Approach is a Galerkin weighted residual formulation

3.2.2.4.2. Single-layer slot exit flow¶

Geometry:

• Chamfered downstream corner

• Raised back slot

• Modified slot exit channel

Non-dimensional version of Navier-Stokes, length scale and velocity scale are:

• Slot width

• Flow rate per unit width / Slot width

The velocity profile at the inlet is given by:

• 1D form of Navier-Stokes Equations

Outlet boundary obtained using:

• Stress evaluation method

Two cases:

1. Static contact line is pinned at the corner, while static contact angle at slot exit is predicted

2. Static contact angle is specified, while static contact line is predicted

3.2.2.4.3. Double-layer slot exit flow¶

More complex than single-layer slot exit flow, it has:

• Internal interface - the nature of the boundary conditions which apply at an internal static contact line still remains a matter of debate

• Inter-layer diffusion occurs

Assume:

• Diffusion process is negligible

• No interfacial tension - velocity is continuous, but pressure discontinuous

Difficulty:

• Lack of interfacial tension results in an over-specified problem if the contact angle is imposed

Solution 1:

• If interfacial contact line is known to locate close to the corner, the preferred course of action is to pin it there

• If interfacial contact line locates away from the corner, solutions include:

  • geometric extrapolation

  • imposition of pressure continuity

  • imposition of small interfacial tension which decays to zero within a short distance downstream, this enabling the specification of a contact angle

Macroscopic flow field is independent of the choice of method, however adding small interfacial tension was chosen

Boundary conditions:

• Velocity profile at slot inlet is obtained as for single layer case

• Outflow determined by using stress evaluation method for 2 layers

• Inflow at upper slot determined from solution of 1D Navier Stokes solution

3.2.2.4.4. Bead forming flow¶

Boundary conditions:

• Inlet velocity profile obtained from 1D solution to Navier-Stokes equations

• Zero traction condition applied at outlet

Physics:

• Simplification is possible via lack of internal contact line

• Lower free surface meets slide feed device at static contact line

• Lower free surface meets moving web at dynamic contact line

• Static contact line is rarely pinned to the tip of the slide feed device, so is computed

• Static contact angle is prescribed

Difficulty:

• No slip hypothesis breaks down near dynamic contact angle

Solution:

• Dynamic contact angle is prescribed

• This allows slip between the web and the liquid close to the dynamic contact line

3.2.2.5.1. Single layer slot exit flow¶

Eddy physics:

• The top, layer forming slot can be responsible for disturbances

• Flow near the static contact line would be recirculating in nature

• Agreement between theory and experiment is good

• A slow recirculation near the contact line is predicted when a high backstep is used

Experimental proof of eddy presence causing streak lines:

• Gelatin containing hardening agent introduced into flow

• Hardened deposit found in eddy generating region

• Mechanism for generating streaklines was the gradual formation of brittle deposit due to long residence time associated with eddy presence.

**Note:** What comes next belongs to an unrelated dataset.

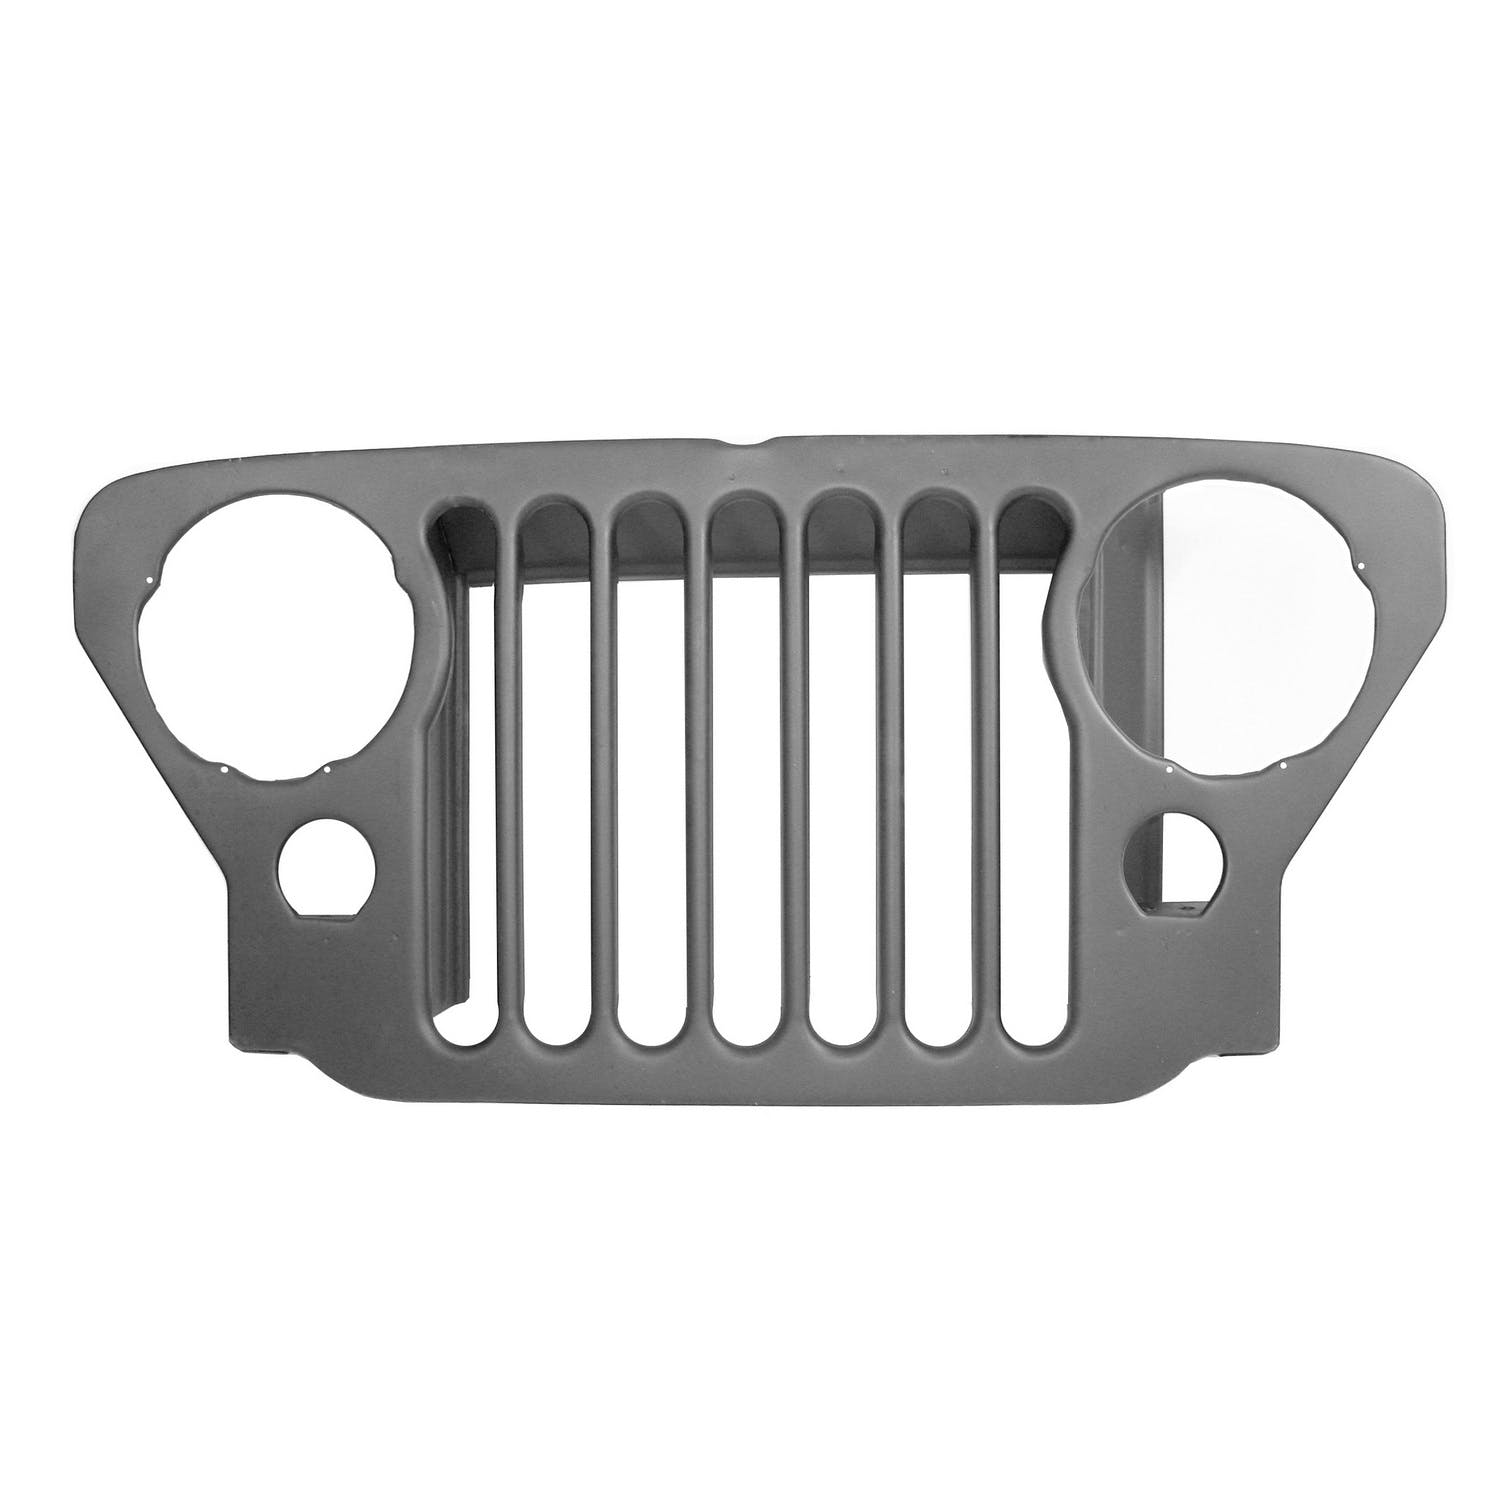 Omix-ADA DMC-663536 Steel Replacement Grille

• Deposits were dislodged by periodic cleaning to form minute fragments, which then produced streaklines

Back wetting: migration of contact line upstream:

• Even a small increase in flowrate causes back wetting

Implications of back wetting:

• Can cause the contact line to be other than straight

• Can cause recirculation near the static contact line

• Both of the above are potential for defect formation

Axi-symmetric rig:

• Question What are the maximum sustainable flow rates before back wetting occurs for three different slot exit designs?

Method 1 in axi-symmetric rig:

• Cut back the top face to form a sharper edge

• Use a hydrophobic coating on the top face

Advantages of this:

• Approximately double the maximum sustainable flow rate before back wetting occurs

Disadvantages:

• Sharp top edge is impractical, due to hazard and difficult machining

Method 2 in axi-symmetric rig:

• Height of slot is reduced

• Upstream of slide coated to prevent back wetting

Advantages of this:

• Causes static contact angle to increase to about 90 degrees

• Substantial reduction in deposit growth

• Question How is the flow structure affected by flow properties?

• Reducing viscosity increases eddy size near downstream slot exit

• Increasing flux also increases eddy size

Operability diagram:

• Parameters: Reynolds Number and Capillary Number

• Indicates operability window for a particular slot geometry

• Desirable range: Low Re and Medium to High Ca

Operability diagram \(\Rightarrow\) to coat a low viscosity liquid, the slot geometry must be changed to enable eddy free regime

Geometric changes:

1. Chamfered slot exit \(\Rightarrow\) recirculations are going to be small

2. Stepped slot:

   • Decrease in liquid velocity and its associated momentum due to widening the slot in turn leads to a reduction in size of eddies

   • Widening slot on upstream side is better than widening slot on downstream side

   • Sharp step may generate eddies \(Rightarrow\) widening slot gradually or using chamfer is better

3.2.2.5.2. Slot exit flow for two merging layers¶

Comparison with numerical simulations and:

1. Two layer flow experiments for the case of a chamfered slot with identical layers of aqueous glycerine

2. Free surface and internal interface profiles for flow out of a chamfered slot

Good comparison.

A parametric study showed that fluxes and viscosities have greatest influence on flow structure:

• When upper flux \(\lt\) lower flux, then increases in upper flux cause minimal change

• When upper flux \(\lt\) lower flux, then eddies occur upstream

Geometric study:

• Small chamfer reduces size of downstream eddy

• Larger chamfers reduce size of upstream and downstream eddies to undetectable sizes

Curved diffuser:

• Flow is free from eddies

• Layer thicknesses change smoothly without humps observed previously

Why don’t they use curved diffusers? Too expensive? Hard to clean/manufacture?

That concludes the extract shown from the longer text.